══ Supplied information
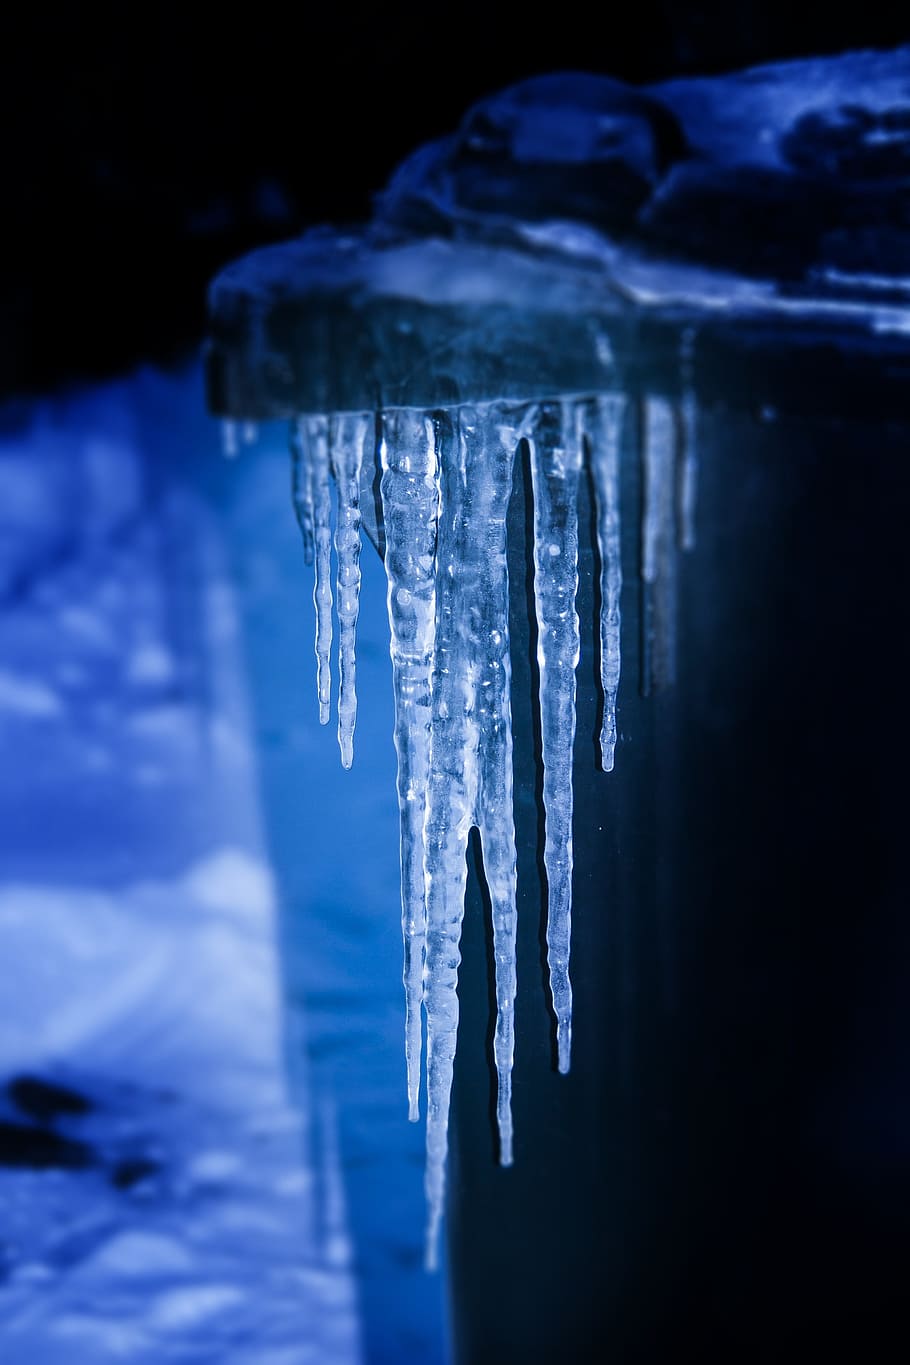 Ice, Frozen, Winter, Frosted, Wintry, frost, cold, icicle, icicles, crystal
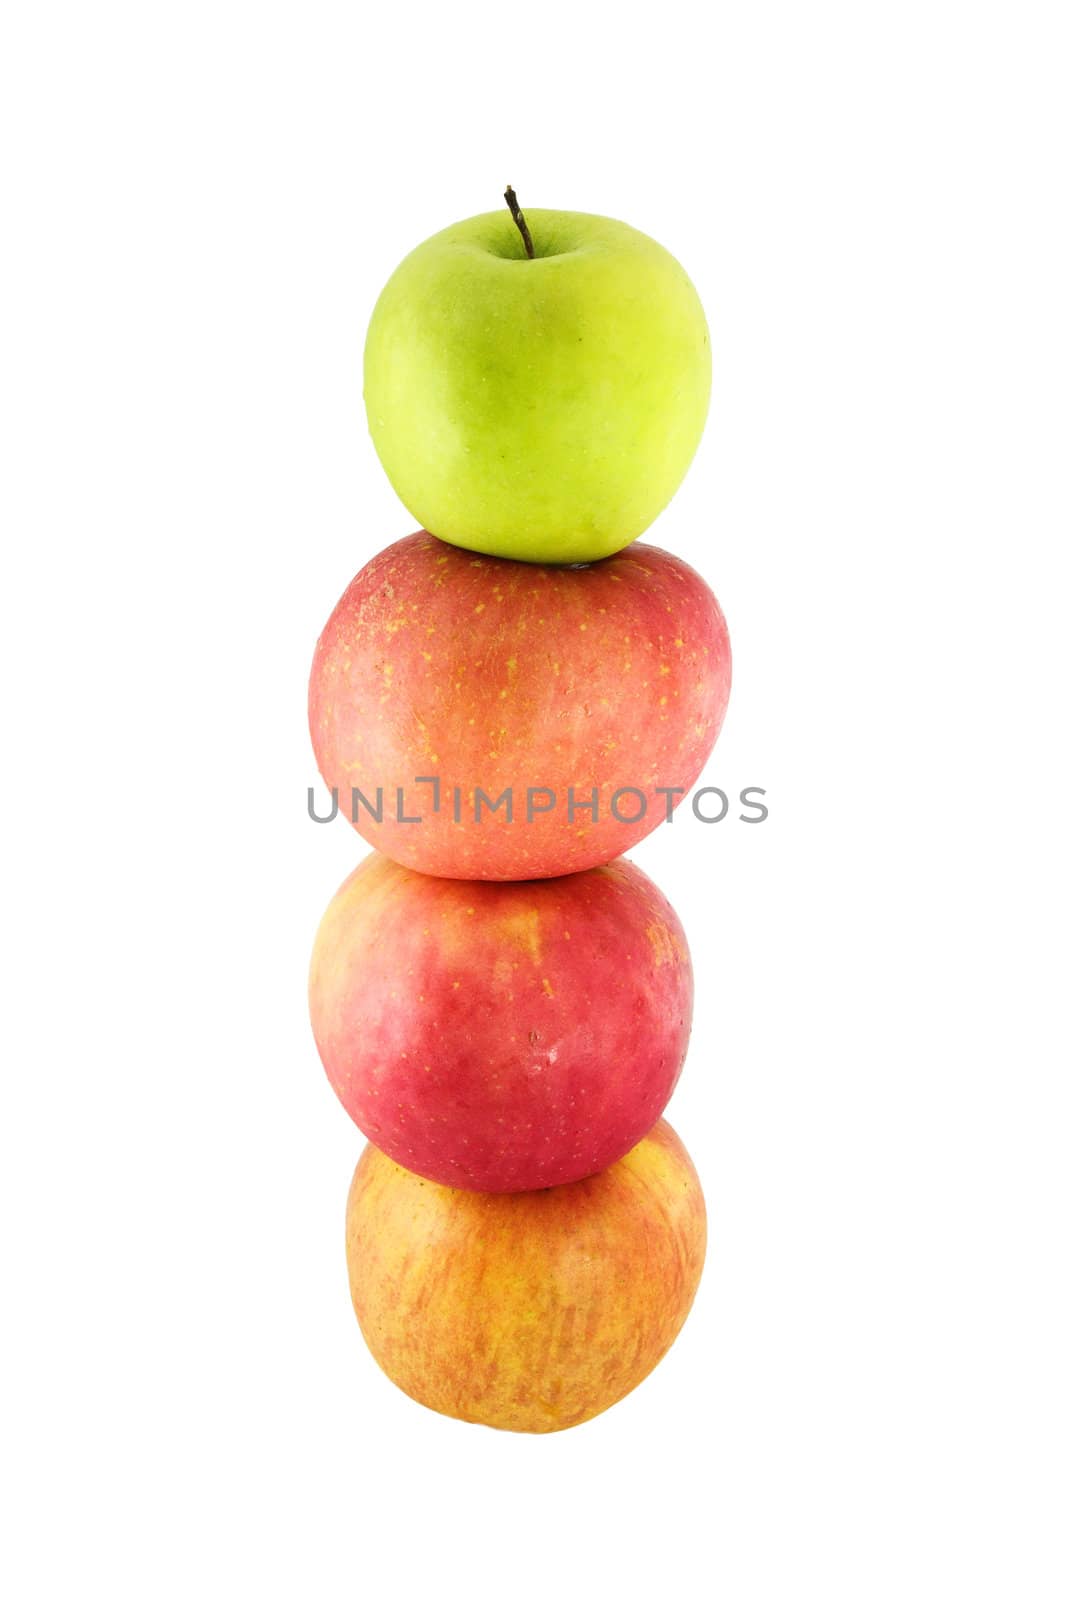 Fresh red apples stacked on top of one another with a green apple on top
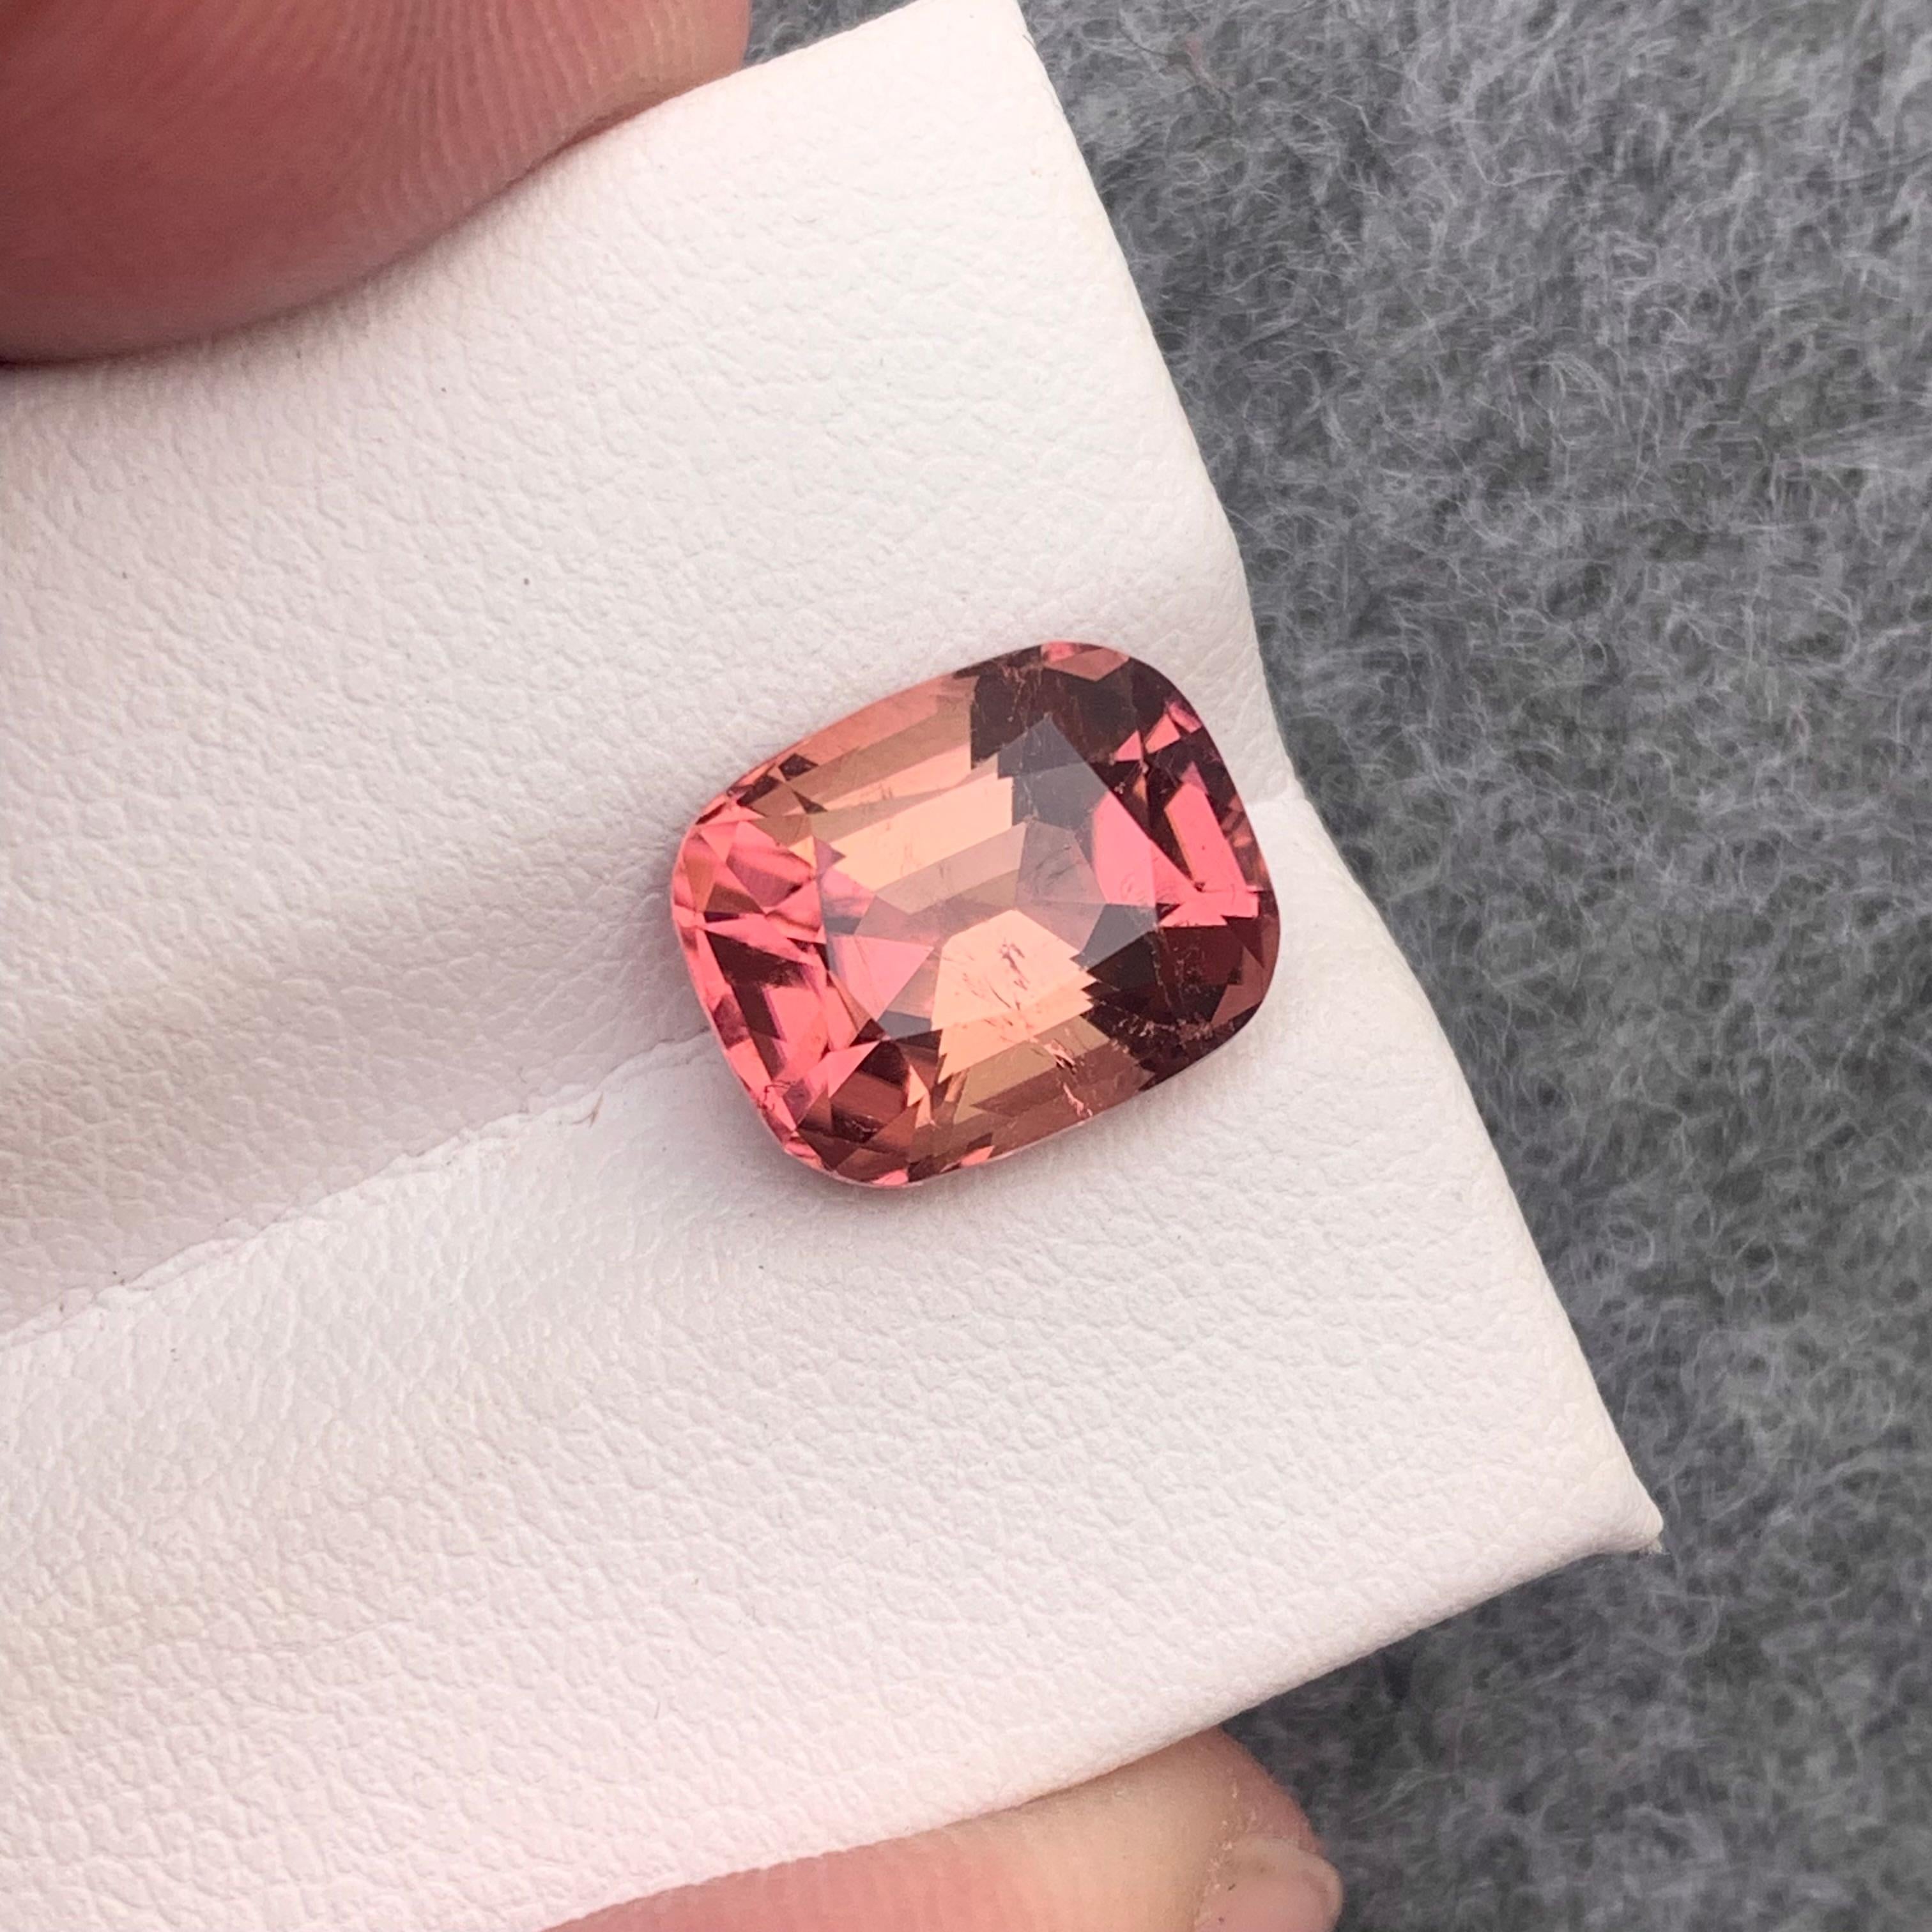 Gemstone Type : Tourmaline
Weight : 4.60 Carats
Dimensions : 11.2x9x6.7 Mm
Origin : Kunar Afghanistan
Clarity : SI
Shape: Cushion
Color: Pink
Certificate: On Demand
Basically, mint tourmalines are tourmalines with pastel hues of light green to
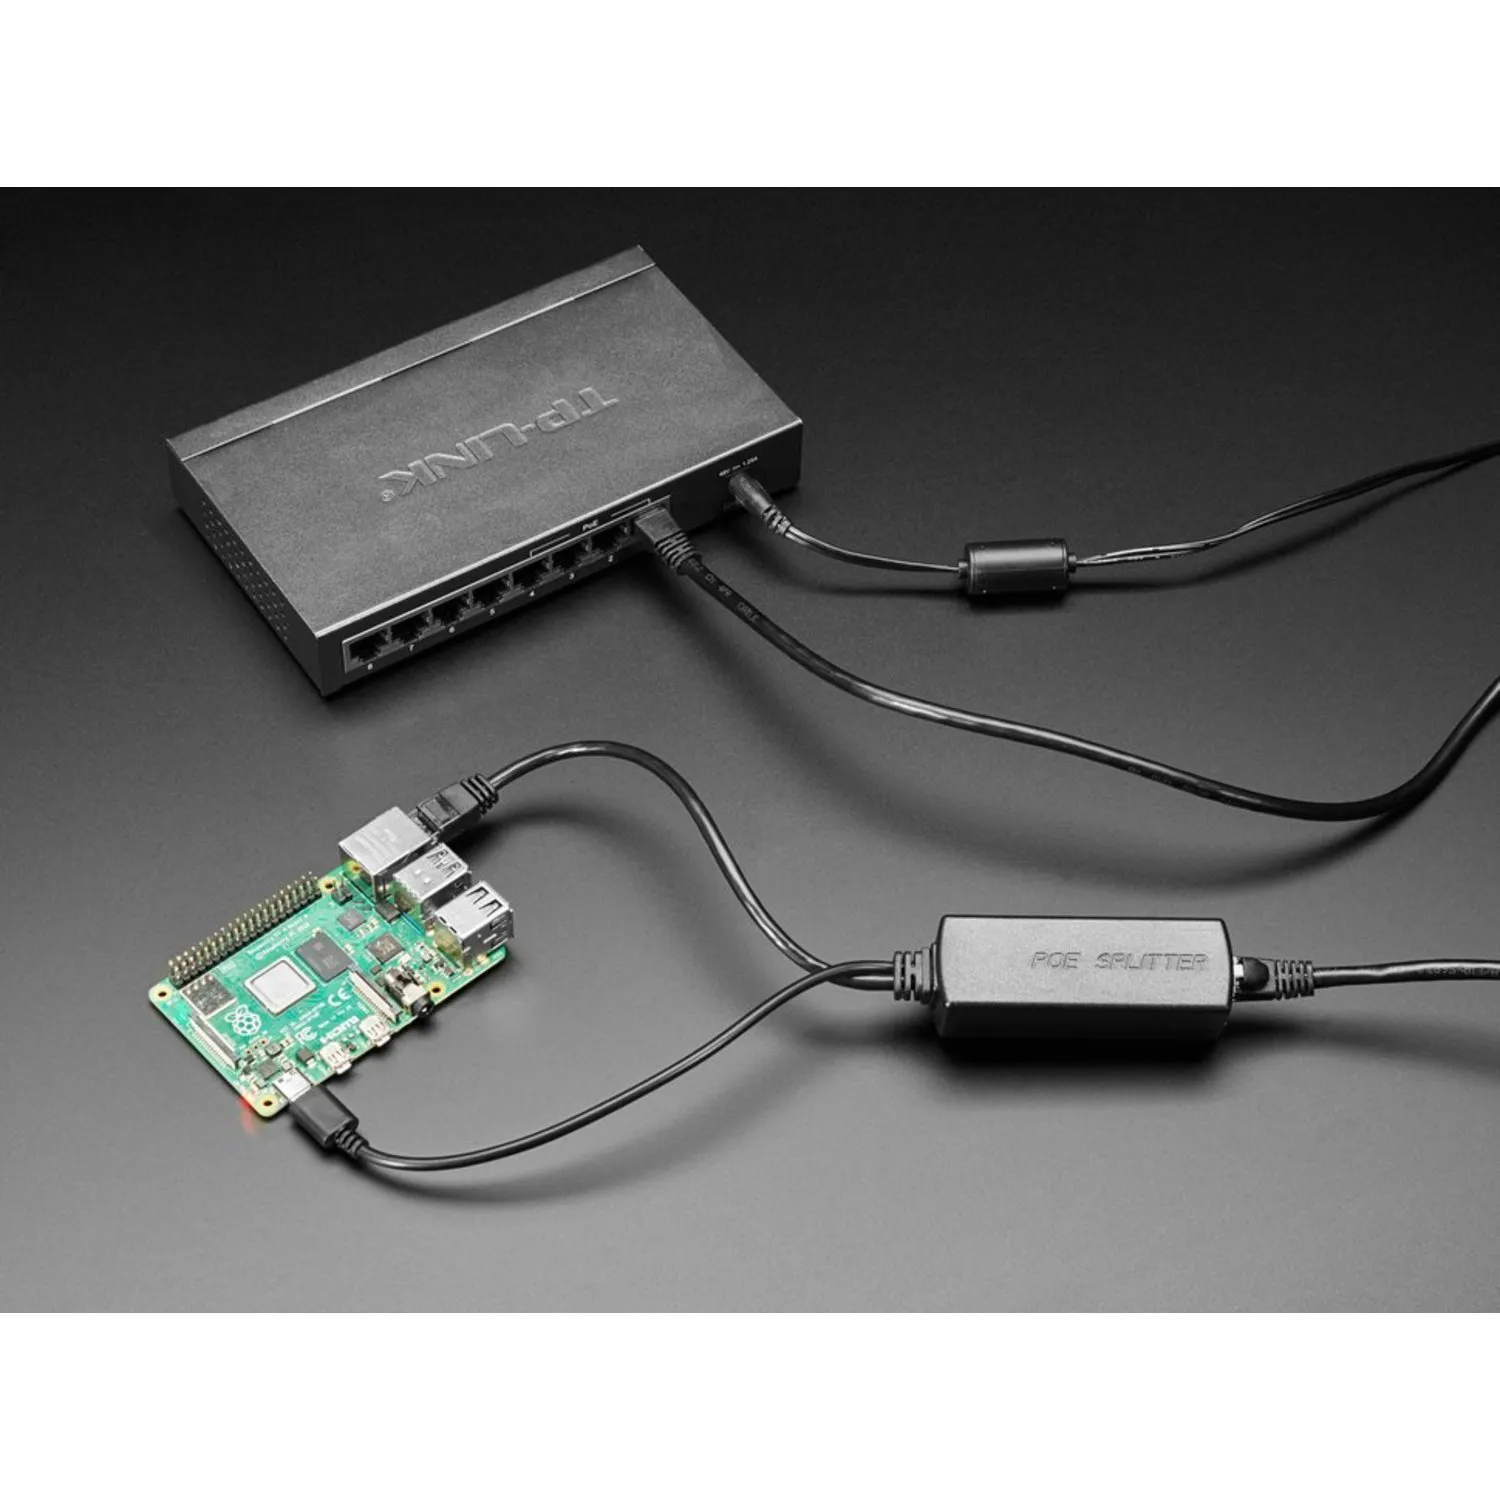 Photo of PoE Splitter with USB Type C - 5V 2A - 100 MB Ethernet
════
Go through the entries above and print each one exactly, minus the pictures.

# [Output for this exercise]
 Ice, Frozen, Winter, Frosted, Wintry, frost, cold, icicle, icicles, crystal
 Fresh red apples stacked on top of one another with a green apple on top
 Gemstone Type : Tourmaline
Weight : 4.60 Carats
Dimensions : 11.2x9x6.7 Mm
Origin : Kunar Afghanistan
Clarity : SI
Shape: Cushion
Color: Pink
Certificate: On Demand
Basically, mint tourmalines are tourmalines with pastel hues of light green to
 Photo of PoE Splitter with USB Type C - 5V 2A - 100 MB Ethernet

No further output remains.